Upcoming events

05 October 2023 16:00 till 17:00

[PDE & Applications seminar] Kerstin Lux-Gottschalk: The effect of parameter uncertainty on climate tipping points

Several subsystems of the Earth might undergo critical transitions under sustained anthropogenic forcing, i.e. these systems are at risk of passing a so-called tipping point (TP). That induces a drastic sudden change in the system’s phase portrait that is often irreversible. We approach these tipping phenomena through the lense of nonlinear dynamical systems theory. In particular, we use tools from bifurcation theory, which provides the mathematical framework for the creation and loss of equilibria as well as changes in their stability properties under variation of a deterministic control parameter.
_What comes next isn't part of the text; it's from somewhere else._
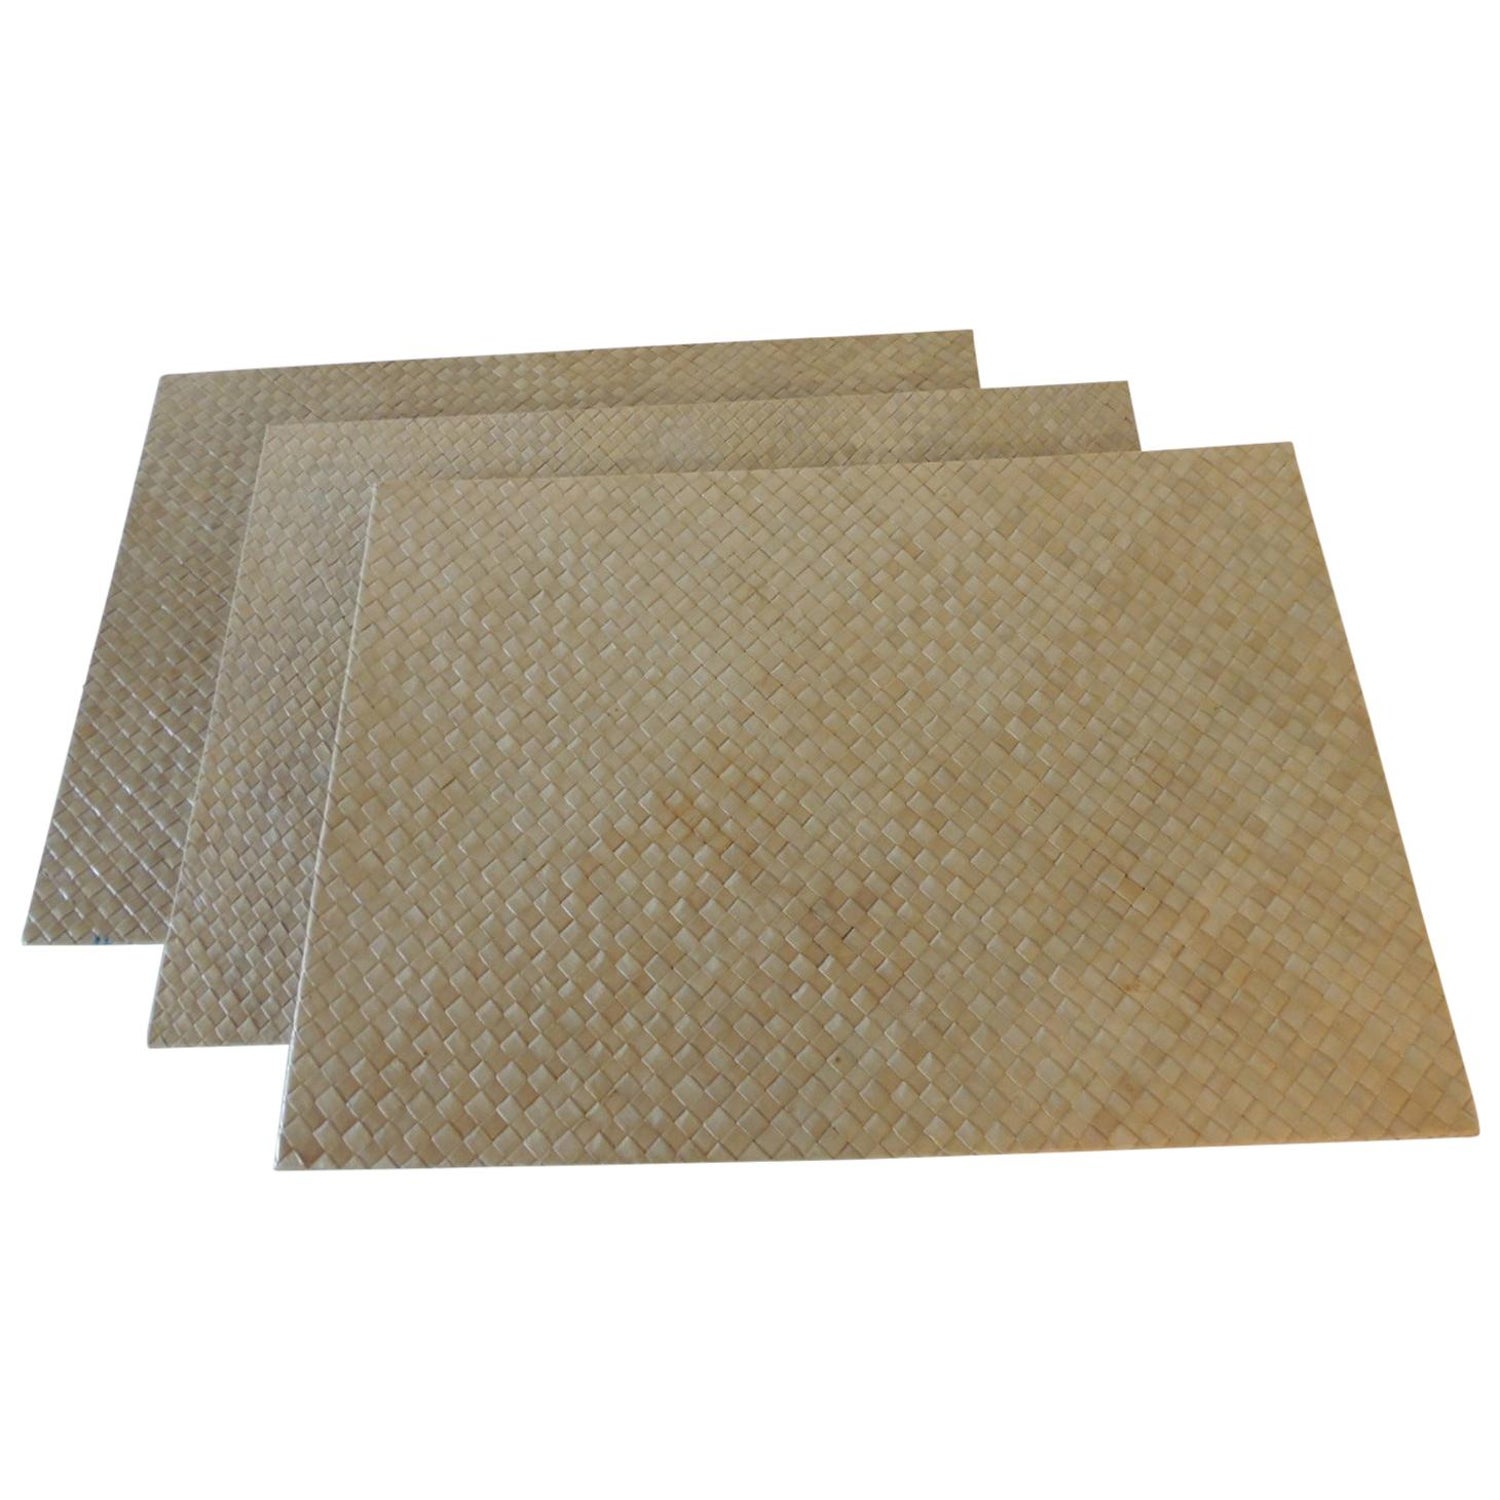 Set of '6' Large Woven Palm Fiber Placemats For Sale at 1stDibs
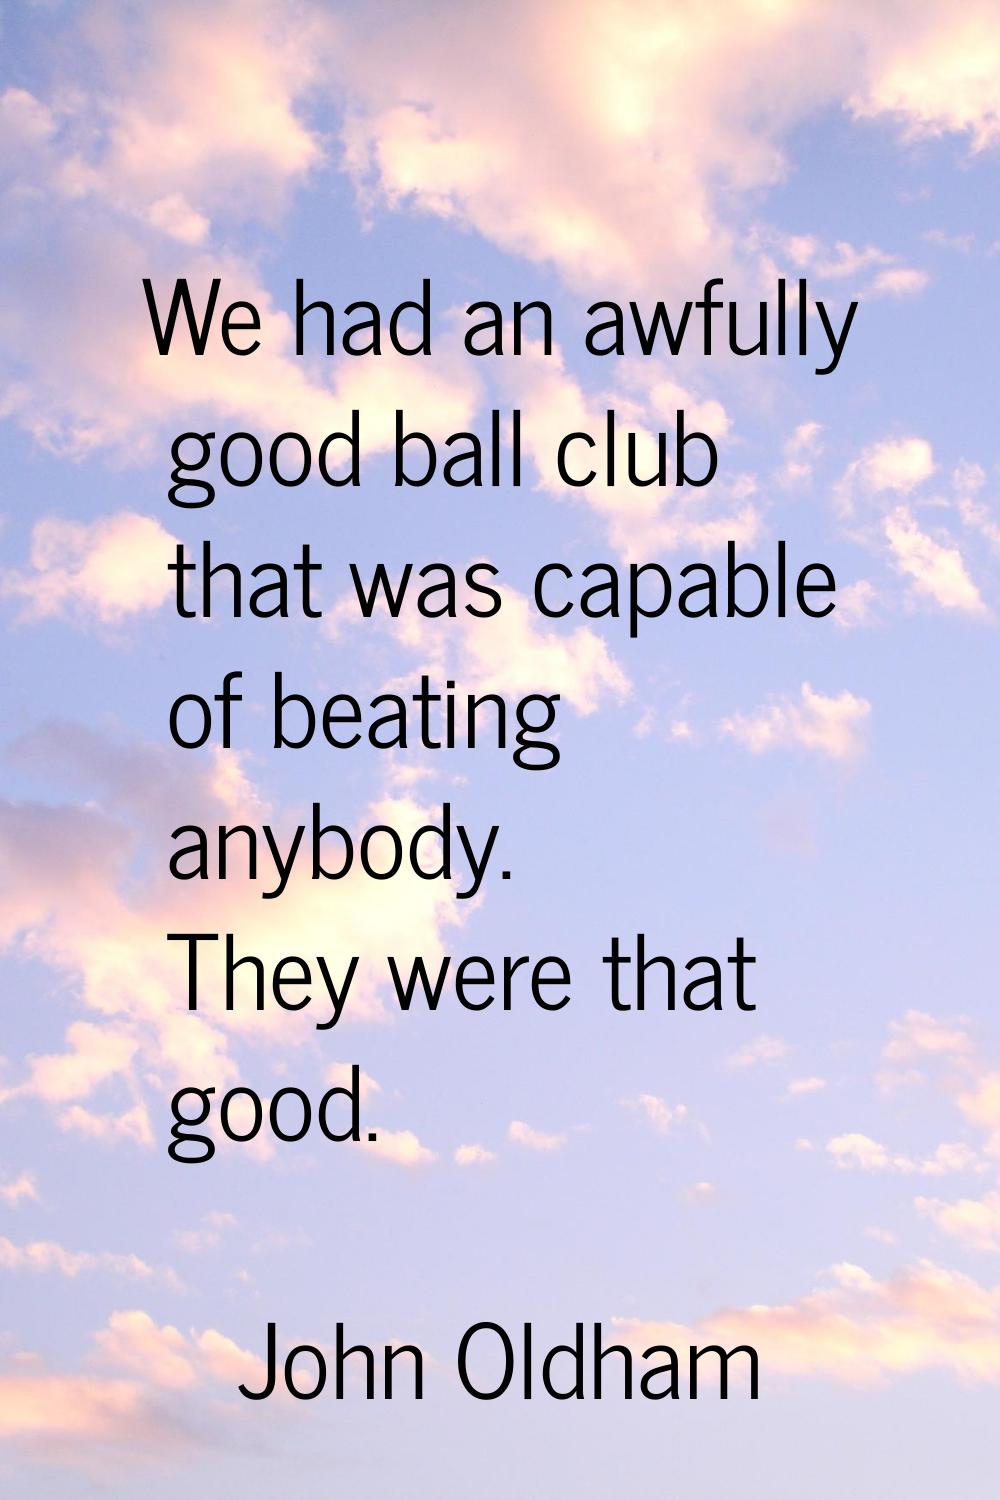 We had an awfully good ball club that was capable of beating anybody. They were that good.

In this talk, I will address the question how uncertainty in model parameters affects the tipping behavior of the dynamical system in terms of the location of TPs and how they are approached. I will present a workflow for climate tipping points from a Bayesian inference on the uncertain model input parameter to the forward propagation of the obtained input probability distribution through the nonlinear dynamics turning the bifurcation curve into a random object [1]. I will show numerical results on a conceptual model of the Atlantic Meridional Overturning Circulation, which is one of the identified tipping elements. This talk covers joint work with Peter Ashwin (University of Exeter, UK), Richard Wood (Met Office, UK), and Christian K ̈uhn (Technical University of Munich, Germany).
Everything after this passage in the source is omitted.